Today we went out to the movies for my husband’s birthday. I’m pretty sure this was the first time we’ve actually gone to the theater to see a movie since Avatar (together, anyway — I have seen a a few movies with other people since then). We’ve been talking all summer long about wanting to see Captain America and Cowboys & Aliens and Super 8, so I was a little surprised when he told me the other day that he wanted to see Fright Night, although
he’s a bit of a Colin Farrell fan, so I guess it shouldn’t have surprised me that much.

I had pretty much written it off as yet another unnecessary remake of a beloved movie from my youth from the moment I heard that they were making it, so I didn’t bother to watch trailers or keep up with the development or anything. I knew David Tennant was going to be in it, so I figured at least I’d get to see my Doctor. Otherwise, I had pretty low expectations going in.

I liked it. It was much better than I expected. Of course, I had no idea it was written by Marti Noxon. I still have mixed feelings about her work on Buffy, but regardless, you could definitely detect a Buffy-esque sense of humor running through the movie, which made it fun. I liked Colin Farrell’s blue collar version of Jerry. At first I was irritated that they turned Peter Vincent into, basically, Chris Angel, but he turned out to be pretty funny, and also hot, and David Tennant really does need to be in all the movies from now on. Especially if he’s going to wear leather pants. Rawr.

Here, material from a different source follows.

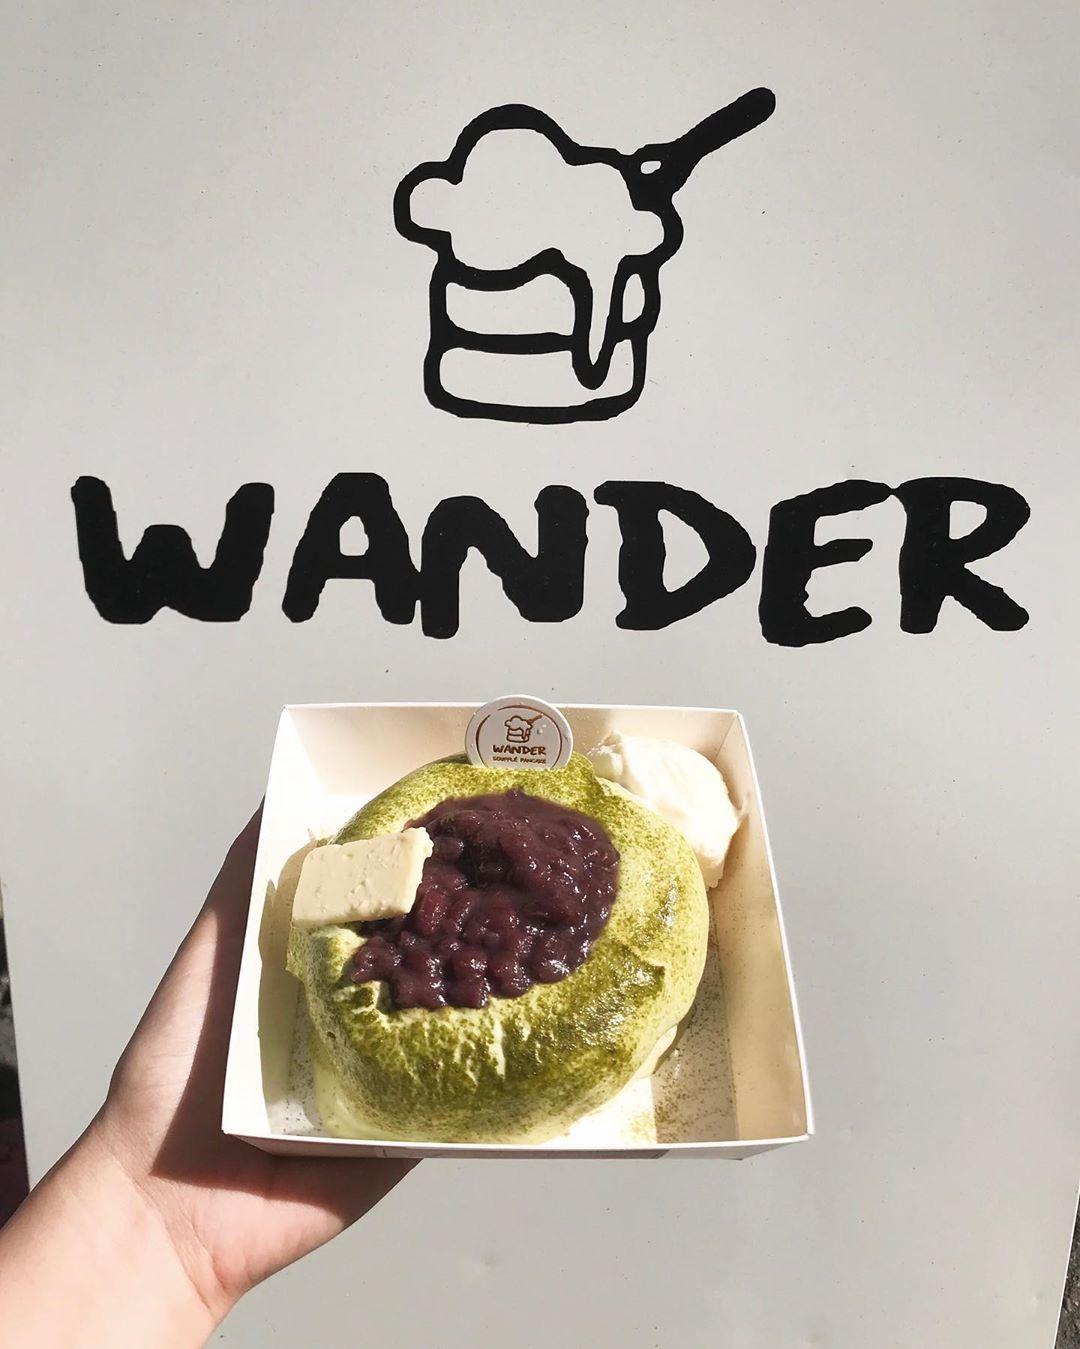 Wander soufflé pancake 漫步舒芙蕾鬆餅

So did I like it better than the original? No. Is that because the original was a better movie, or because I’m an old fogey looking at it through nostalgia-colored glasses? I really can’t say for sure. But the new Fright Night is respectful of the original and pays it homage in fun ways, while updating it and adding enough original material that it doesn’t feel like a retread of the same old story. As far as remakes of ’80s horror movies go, this is by far the best one I’ve seen.